The Extradition Clause, however, does not specifically establish a procedure by which interstate extradition is to take place, and, accordingly, has never been considered to be self-executing. See, e. g., Hyatt v. People ex rel. Corkran, 188 U. S. 691, 708-709 (1903); Kentucky v. Dennison, supra, at 104. Early in our history, the lack of an established procedure led to a bitter dispute between the States of Virginia and Pennsylvania. J. Scott, Law of Interstate Rendition 5-7 (1917). In 1791, Pennsylvania demanded the extradition of three men charged with kidnaping a free black man and selling him into slavery. Virginia refused to comply with Pennsylvania’s demand. The controversy was finally submitted to President Washington who, relying upon the advice of Attorney General Randolph, 9 National State Papers of the United States 1789-1817, pt. II, pp. 144-145 (E. Carzo ed. 1985), personally appeared before the Congress to obtain the enactment of a law to regulate the extradition process. Con*407gress responded by enacting the Extradition Act of 1793, which provides in its current form:
“Whenever the executive authority of any State or Territory demands any person as a fugitive from justice, of the executive authority of any State, District or Territory to which such person has fled, and produces a copy of an indictment found or an affidavit made before a magistrate of any State or Territory, charging the person demanded .with having committed treason, felony or other crime, certified as authentic by the governor or chief magistrate of the State or Territory from whence the person so charged has fled, the executive authority of the State, District or Territory to which such person has fled shall cause him to be arrested and secured, and notify the executive authority making such demand, or the agent of such authority appointed to receive the fugitive, and shall cause the fugitive to be delivered to such agent when he shall appear.” 18 U. S. C. §3182.

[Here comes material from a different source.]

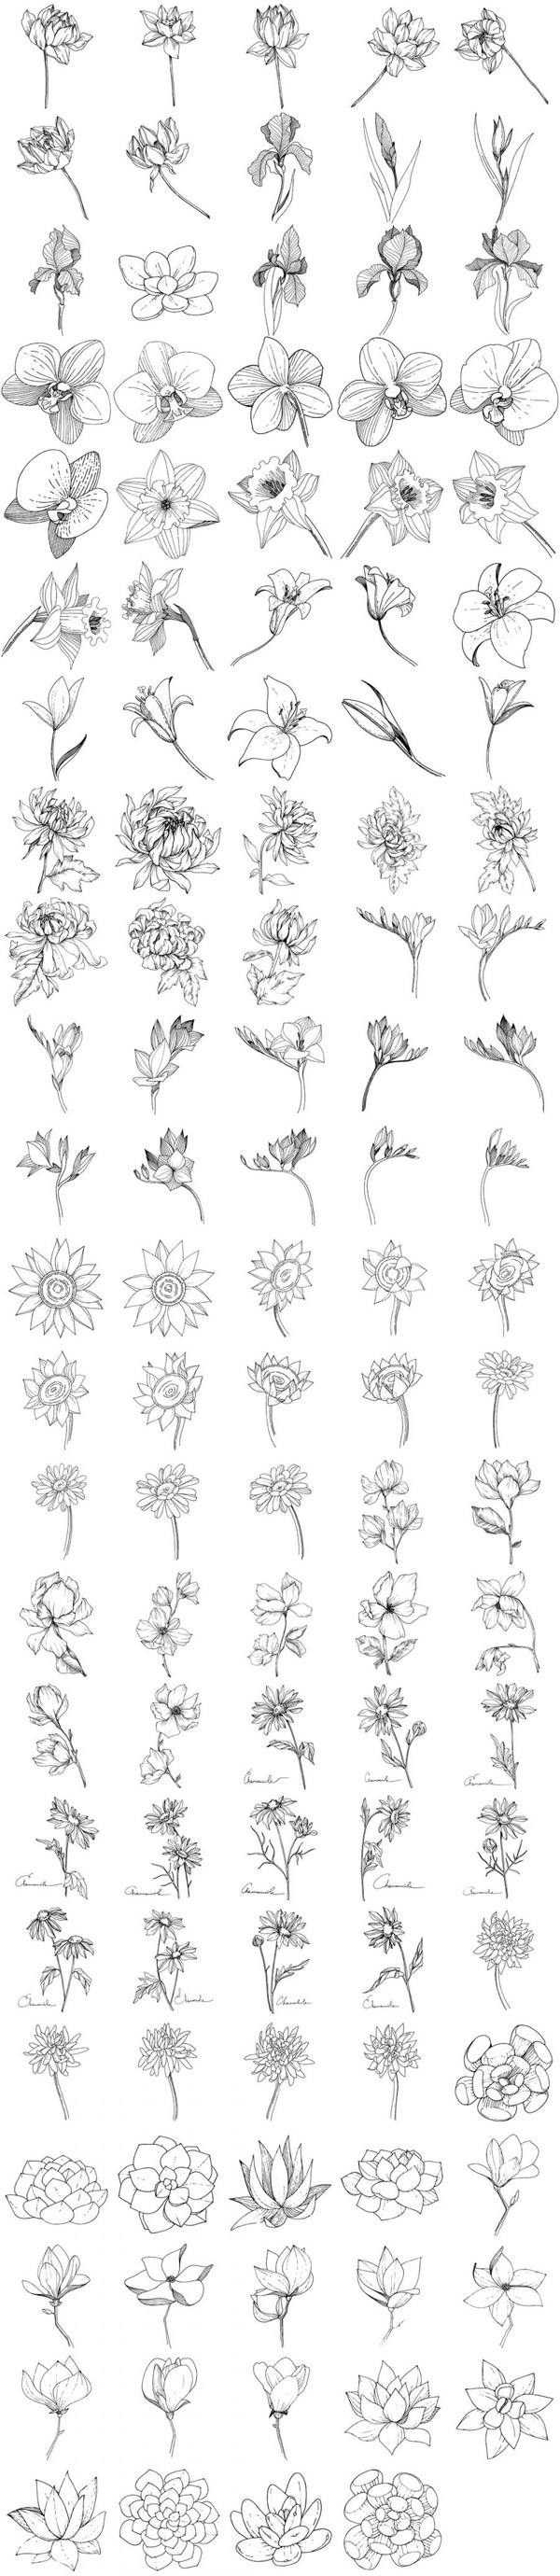 144款植物白描速写矢量素材,植物白描,花朵,叶子,线描,速写,矢量素材

This Court has held the Extradition Act of 1793 to be a proper exercise of Congress’ powers under the Extradition Clause and Art. IV, § 1, to “prescribe the manner in which acts, records and proceedings shall be proved, and the effect thereof.” Kentucky v. Dennison, supra, at 105; Prigg v. Pennsylvania, 16 Pet. 539, 618-622 (1842). By the express terms of federal law, therefore, the asylum State is bound to deliver up to the demanding State’s agent a fugitive against whom a properly certified indictment or affidavit charging a crime is lodged.
The language, history, and subsequent construction of the Extradition Act make clear that Congress intended extradition to be a summary procedure. As we have repeatedly held, extradition proceedings are “to be kept within narrow bounds”; they are “emphatically” not the appropriate time or place for entertaining defenses or determining the guilt or innocence of the charged party. Biddinger v. Commissioner *408of Police, 245 U. S. 128, 135 (1917); see also, e. g., Michigan v. Doran, 439 U. S. 282, 288 (1978); Drew v. Thaw, 235 U. S. 432, 440 (1914); Pierce v. Creecy, 210 U. S. 387, 405 (1908); In re Strauss, 197 U. S. 324, 332-333 (1905). Those inquiries are left to the prosecutorial authorities and courts of the demanding State, whose duty it is to justly enforce the demanding State’s criminal law — subject, of course, to the limitations imposed by the Constitution and laws of the United States. Biddinger v. Commissioner of Police, supra, at 135; Drew v. Thaw, supra, at 440. The courts of asylum States may do no more than ascertain whether the requisites of the Extradition Act have been met. As the Court held in Michigan v. Doran, supra, the Act leaves only four issues open for consideration before the fugitive is delivered up:
“(a) whether the extradition documents on their face are in order; (b) whether the petitioner has been charged with a crime in the demanding state; (c) whether the petitioner is the person named in the request for extradition; and (d) whether .the petitioner is a fugitive.” 439 U. S., at 289.
The parties argue at length about the propriety of the California courts taking judicial notice of their prior child custody decrees in this extradition proceeding. But even if taking judicial notice of the decrees is otherwise proper, the question remains whether the decrees noticed were relevant to one of these four inquiries. The Smolins do not dispute that the extradition documents are in order, that they are the persons named in the documents and that they meet the technical definition of a “fugitive.” Their sole contention is that, in light of the earlier California custody decrees and the federal Parental Kidnaping Prevention Act of 1980, 28 U. S. C. § 1738A, they have not been properly charged with a violation of Louisiana’s kidnaping statute, La. Rev. Stat. Ann. § 14:45 (West 1986).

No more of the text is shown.